A verbatim copy of the full data, with no pictures, is the expected answer.

Data extract:
━━━━━━━━━━

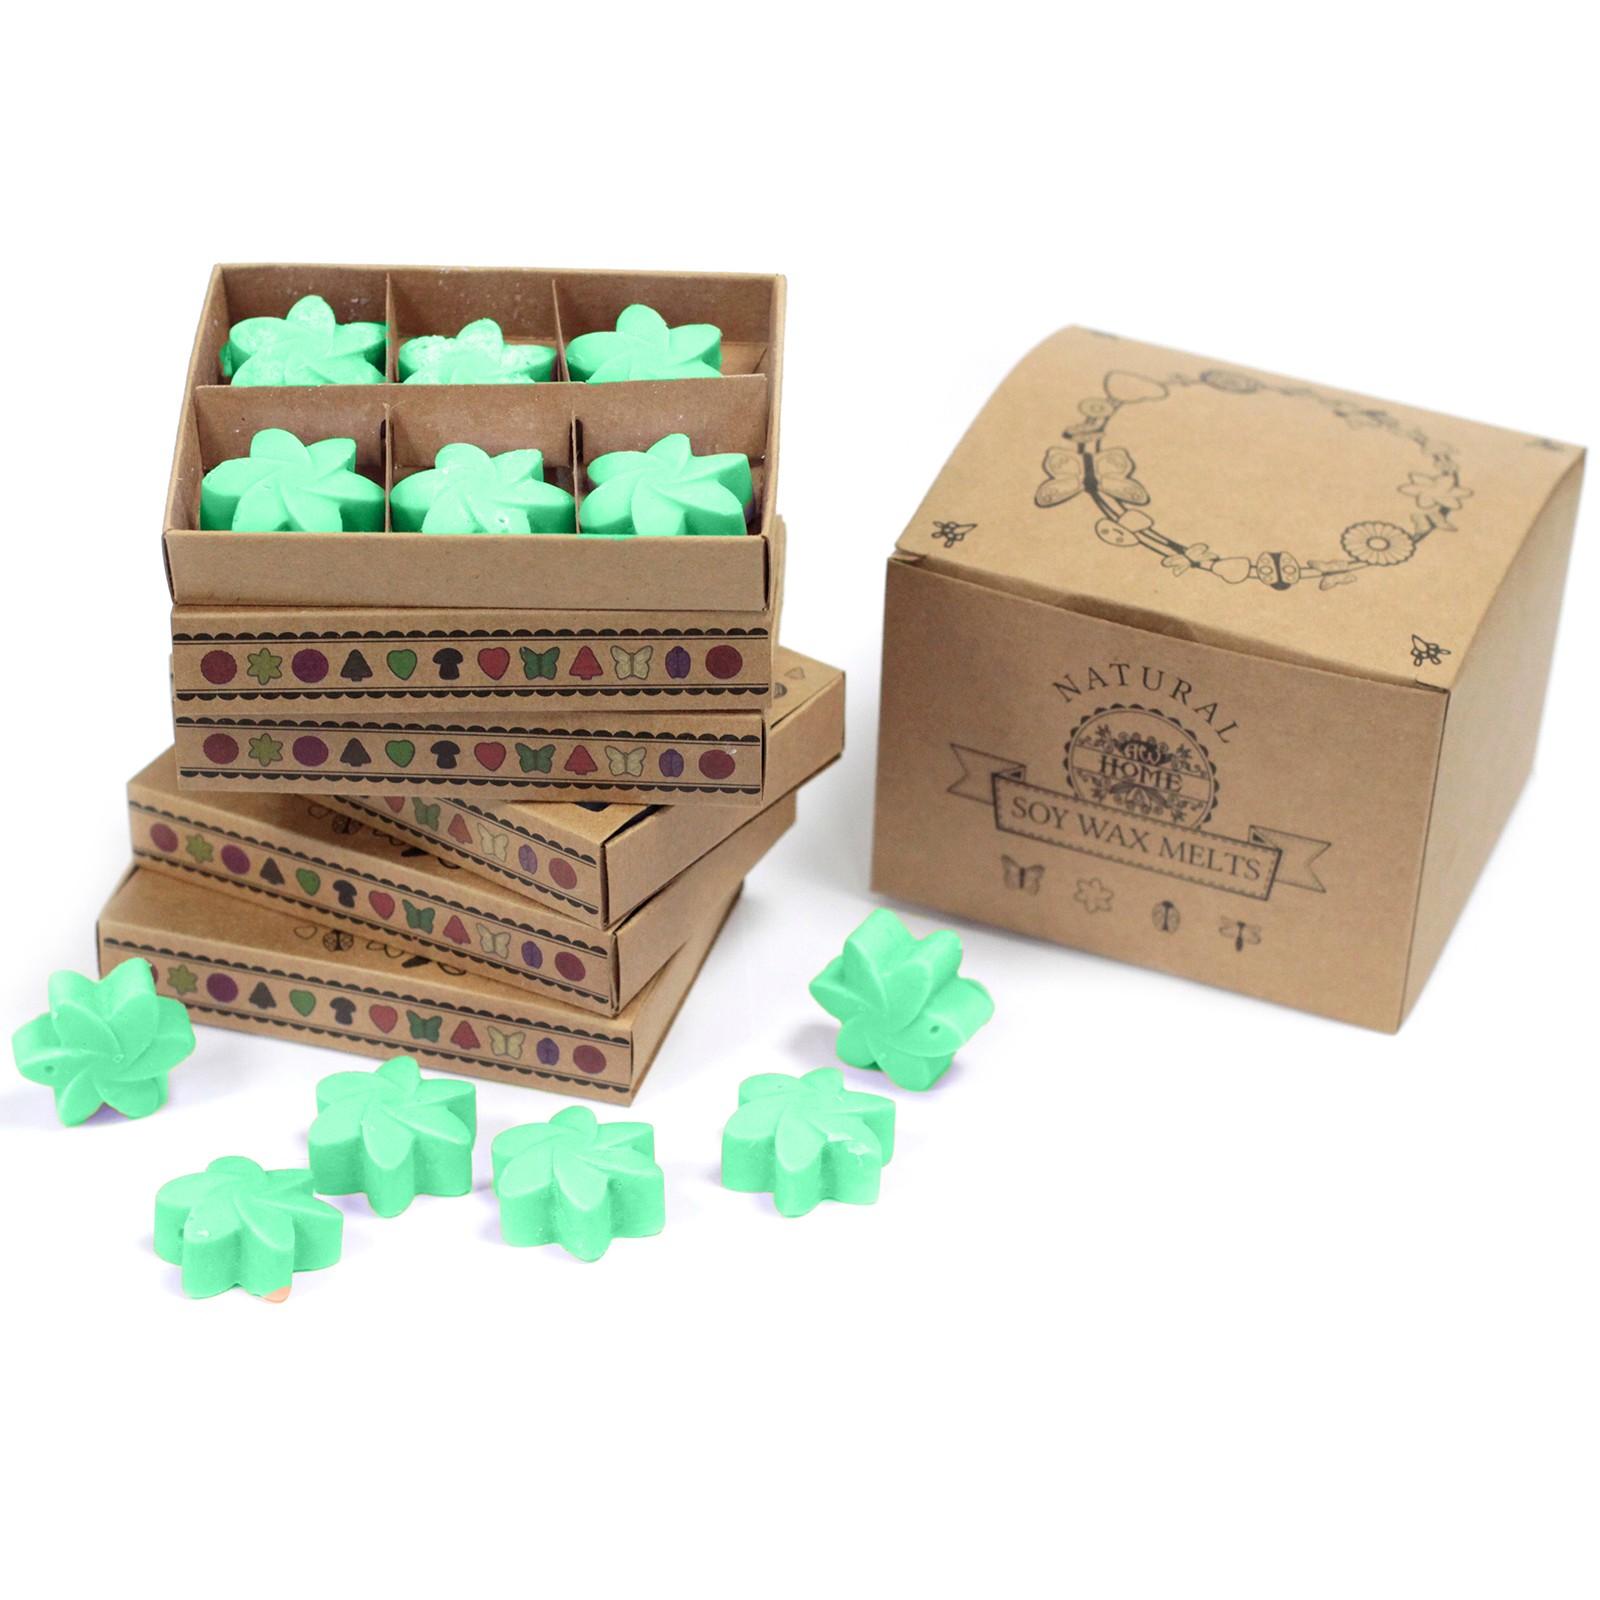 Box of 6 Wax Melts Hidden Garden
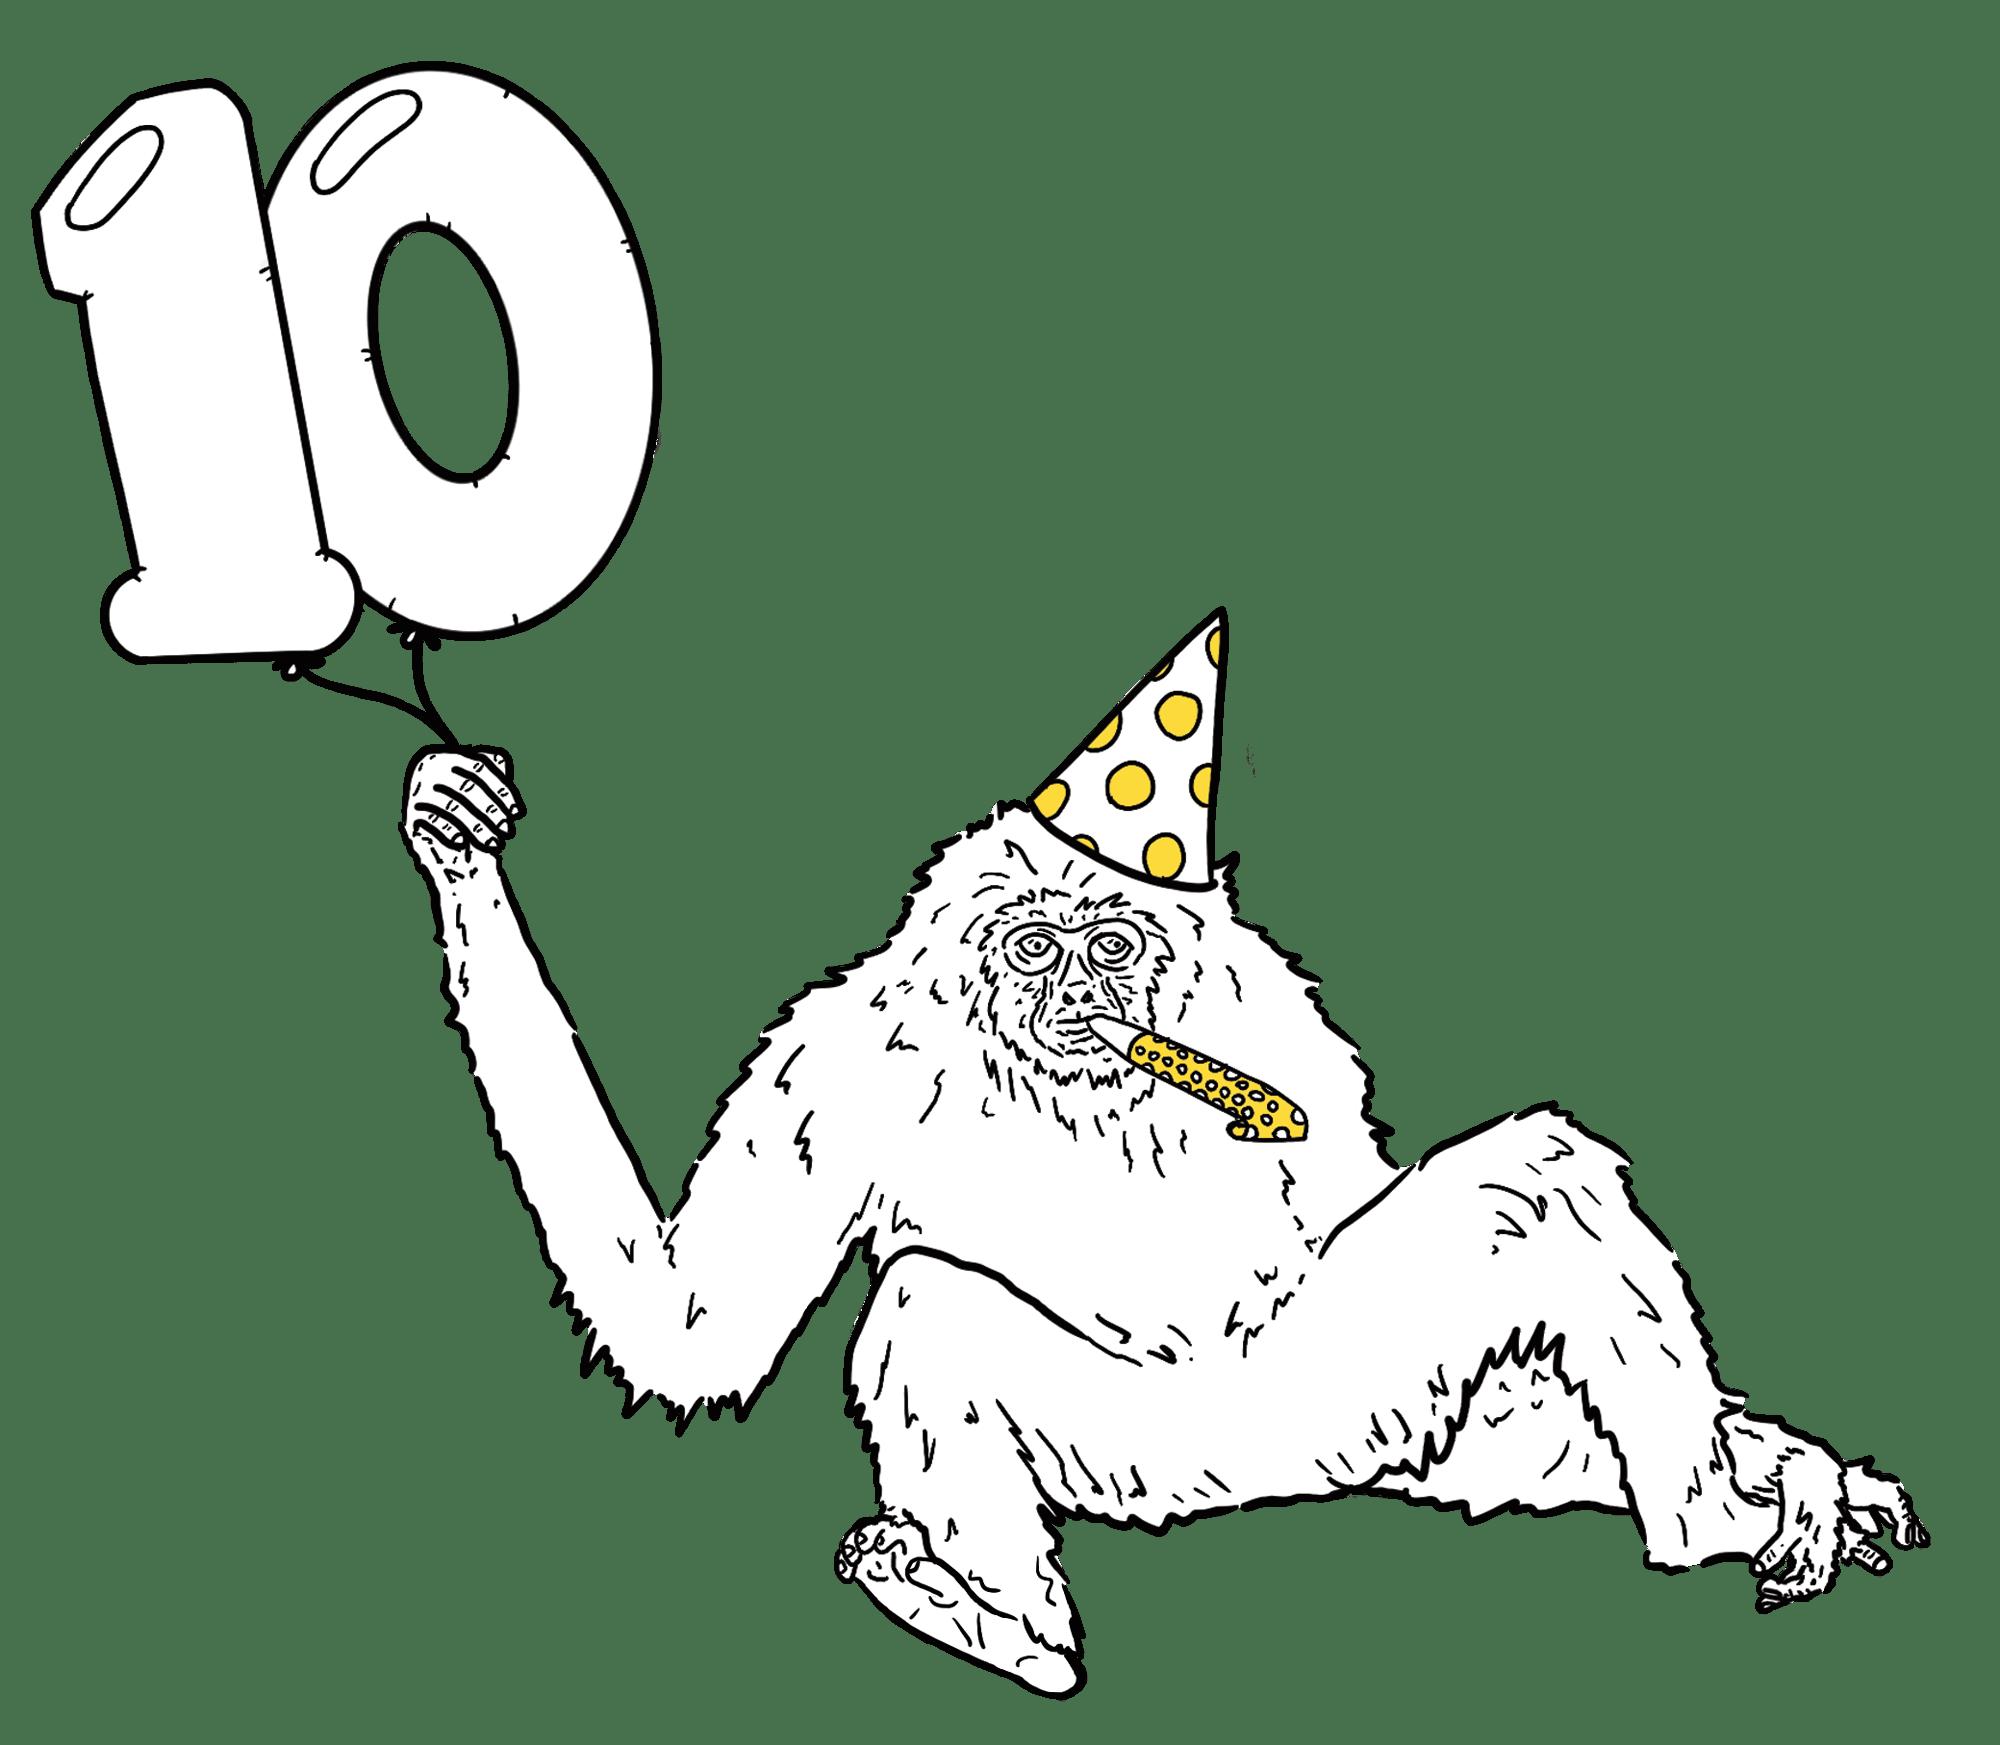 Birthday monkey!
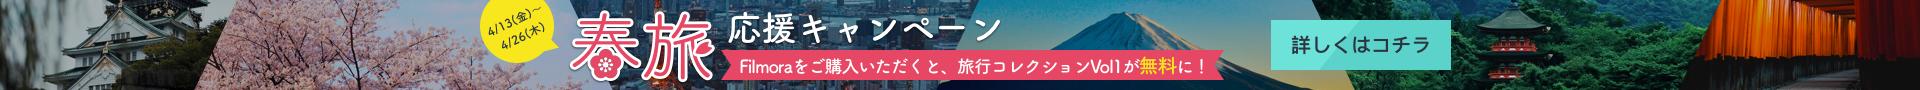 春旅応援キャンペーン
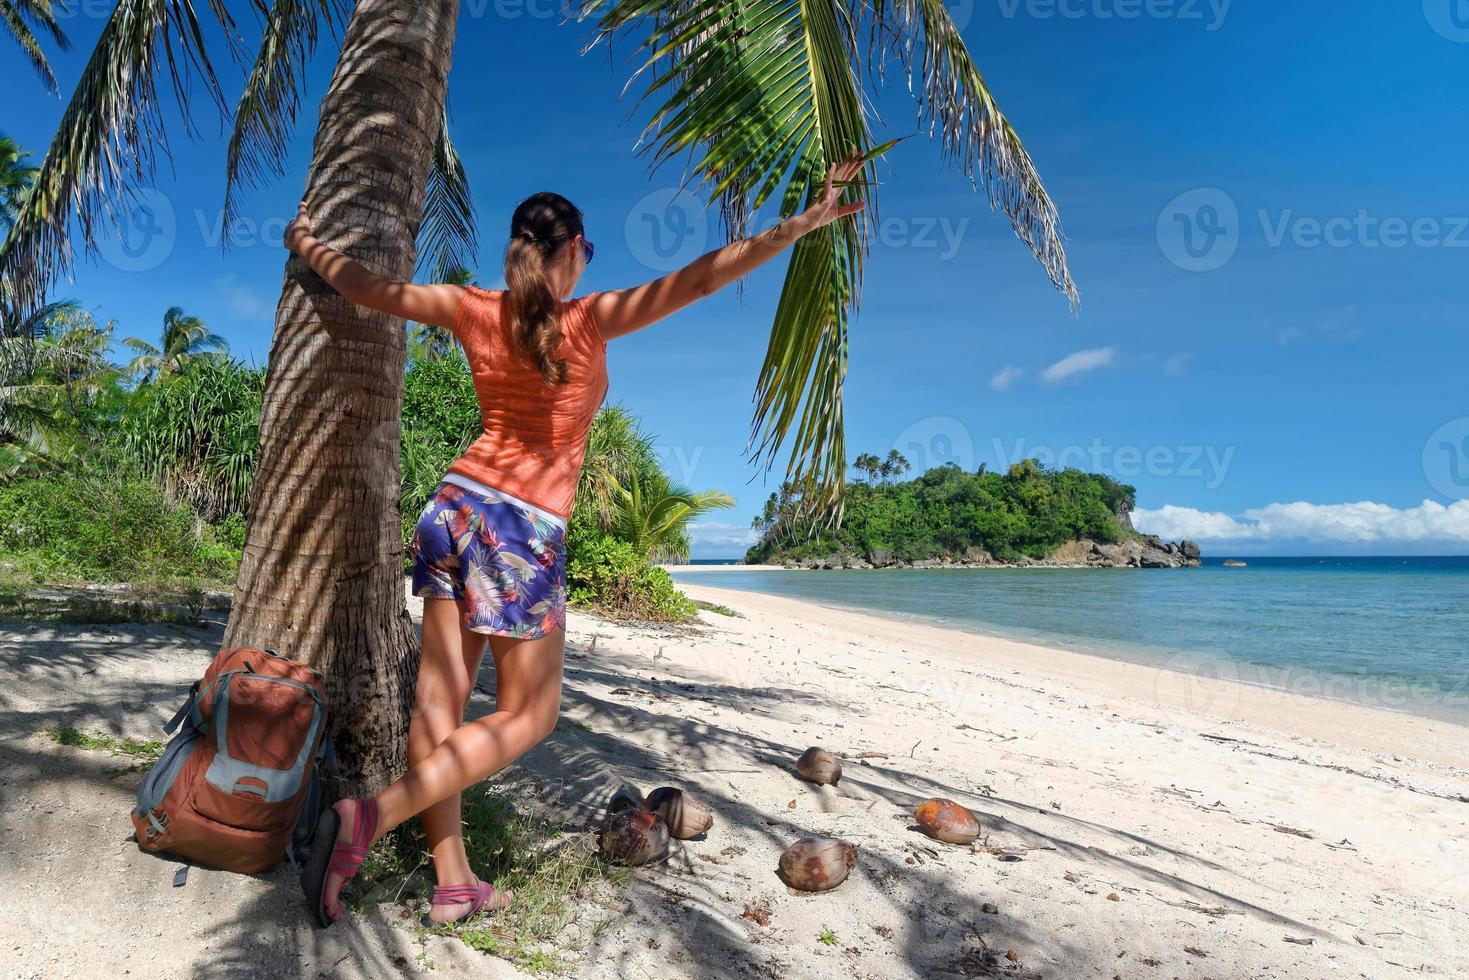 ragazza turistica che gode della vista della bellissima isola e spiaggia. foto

━━━━━━━━━━

Answer space:
 Box of 6 Wax Melts Hidden Garden
 Birthday monkey!
 春旅応援キャンペーン
 ragazza turistica che gode della vista della bellissima isola e spiaggia. foto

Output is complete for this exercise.